PRIME Youth was at the LSE
Prof. Dr. Ayhan Kaya delivered a speech at the London School of Economics (LSE) European Studies in London titled “Nativist and Islamist Radicalism in Europe: Anger and Anxiety”. The Seminar was held both offline and online with the participation of more than fifty participants composed of post-doc students and scholars specialized in European Studies. The Seminar was moderated by Friedrich Püttmann, a PhD candidate at the LSE, and the discussant was Assoc. Prof. Dr. Katerina Dalacoura, professor of International Relations at the LSE’s Political Science Department.
Based on the findings of the ERC AdG research, Prof. Kaya challenged the scholarship that has so far studied European youth in ethno-culturally, and religio-politically divided separate clusters, such as “migrant-origin” and “native” youths. In his talk was an attempt to lay the groundwork by arguing that European youth respond differently to the challenges posed by contemporary flows of globalisation, such as deindustrialisation, structural exclusion, and socio-economic, political, spatial and psychological forms of deprivation and humiliation. Challenging the current uses of the term radicalism interchangeably with extremism, terrorism, fundamentalism, and violence, he too radicalism as a possible quest for the democratisation of democracies rather than a pathological issue. The talk was full of anecdotes from the field research to explain the malaise of both ‘native’ and ‘immigrant origin’ youth simultaneously through a single scientific lens by de-culturalising and de-religionising what is socio-economic, political, and psychological in substance.
The discussant, Assoc.

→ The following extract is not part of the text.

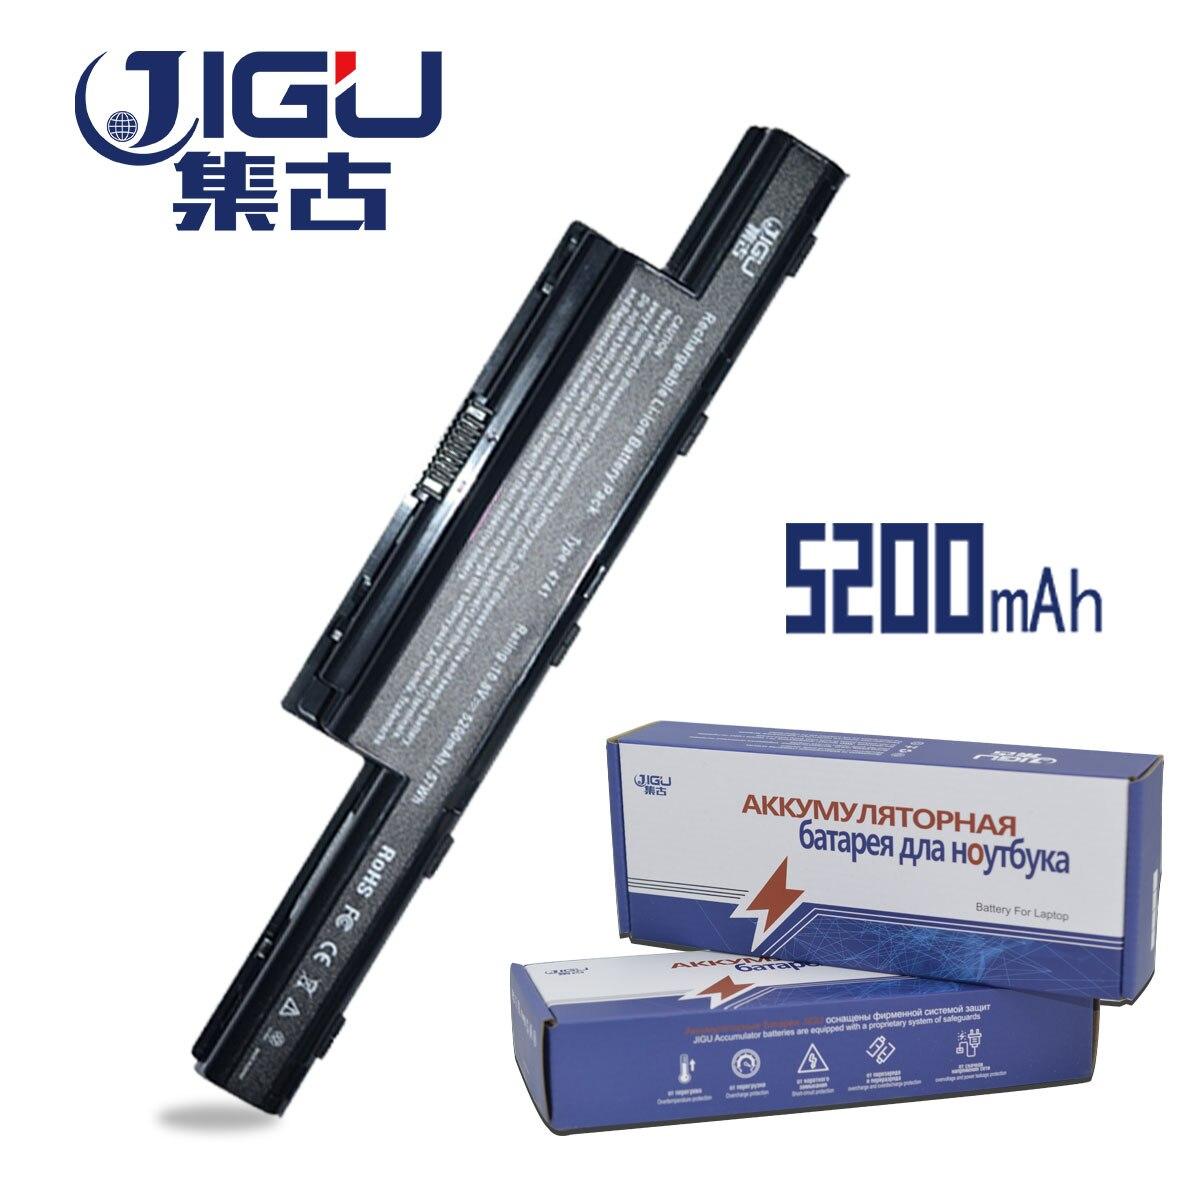 JIGU Batteria Del Computer Portatile Per Acer Aspire V3 5741 5742 5750 5551g 5560g 5741g 5750g AS10D31 AS10D51 AS10D61 AS10D71 AS10D75 AS10D81

Prof. Katerina Dalacoura made her intervention by focusing on the socio-economic and local root causes of radicalisation of youth groups in Europe, and underlined the relational dynamics of the processes of co-radicalisation of European youth in the sample of the research, and asked Prof. Kaya to elaborate on that. In his answer, Prof. Kaya argued that co-radicalisation between Islamist and Islamophobist groups has become prevalent since 9/11, which had a deepening impact on the civilizational rhetoric across the world. There were a few questions from the audience about the translocality, temporality and historicity of the radicalisation processes in Europe, which were also responded to by Prof. Kaya.